Try it = Begin at the line below that has "This pearl five". Stop after the line that has "Weight: 4.7g", repeating each line exactly and leaving out the pictures.

Given data =
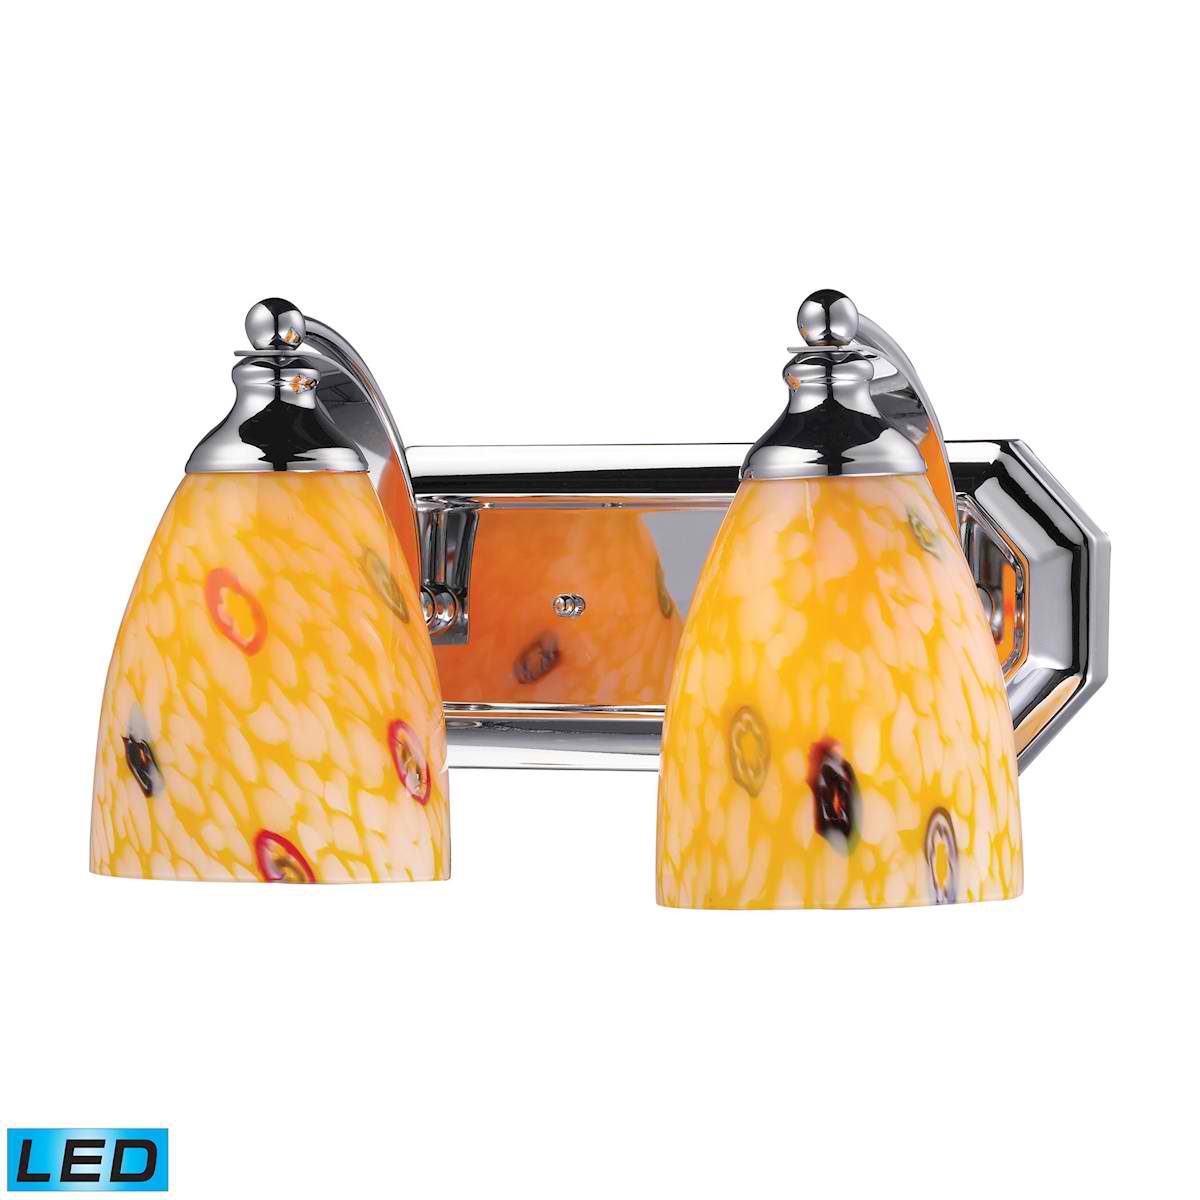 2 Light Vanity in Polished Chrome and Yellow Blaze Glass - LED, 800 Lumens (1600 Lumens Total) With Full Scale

---

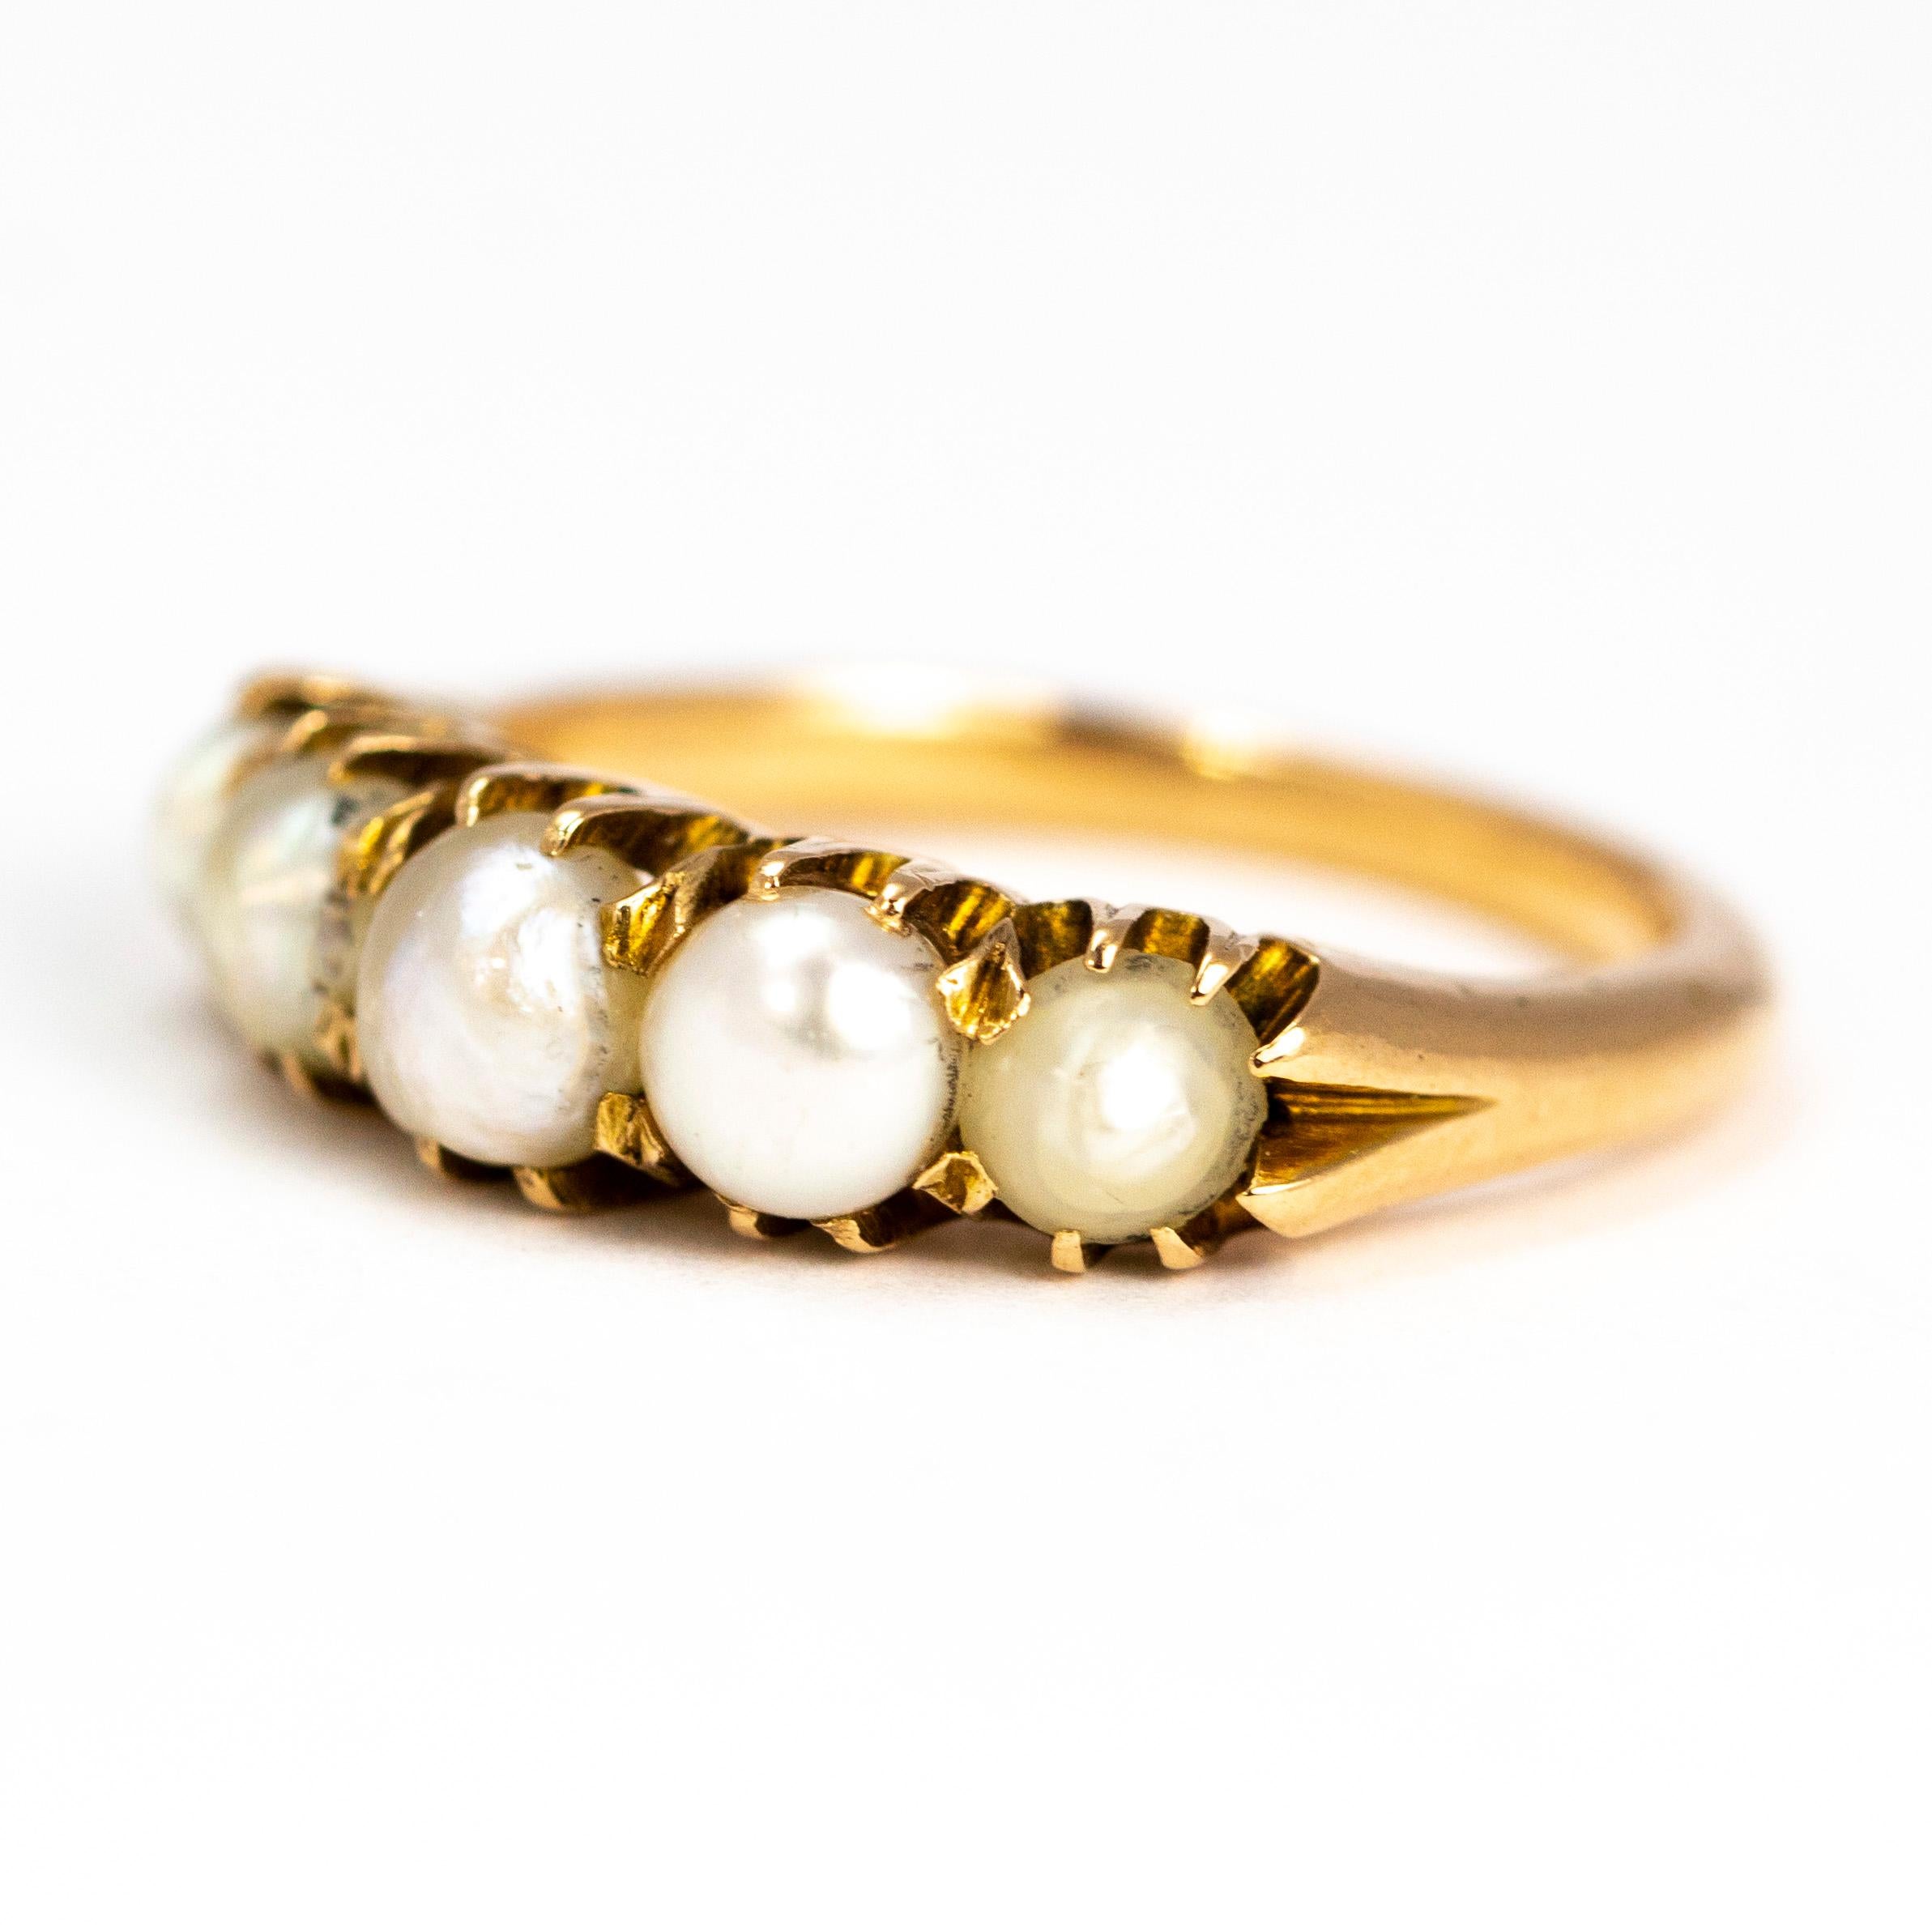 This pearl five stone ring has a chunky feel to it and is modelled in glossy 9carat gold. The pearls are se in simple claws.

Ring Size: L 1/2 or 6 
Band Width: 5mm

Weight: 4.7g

Solution to this exercise =
 This pearl five stone ring has a chunky feel to it and is modelled in glossy 9carat gold. The pearls are se in simple claws.

Ring Size: L 1/2 or 6 
Band Width: 5mm

Weight: 4.7g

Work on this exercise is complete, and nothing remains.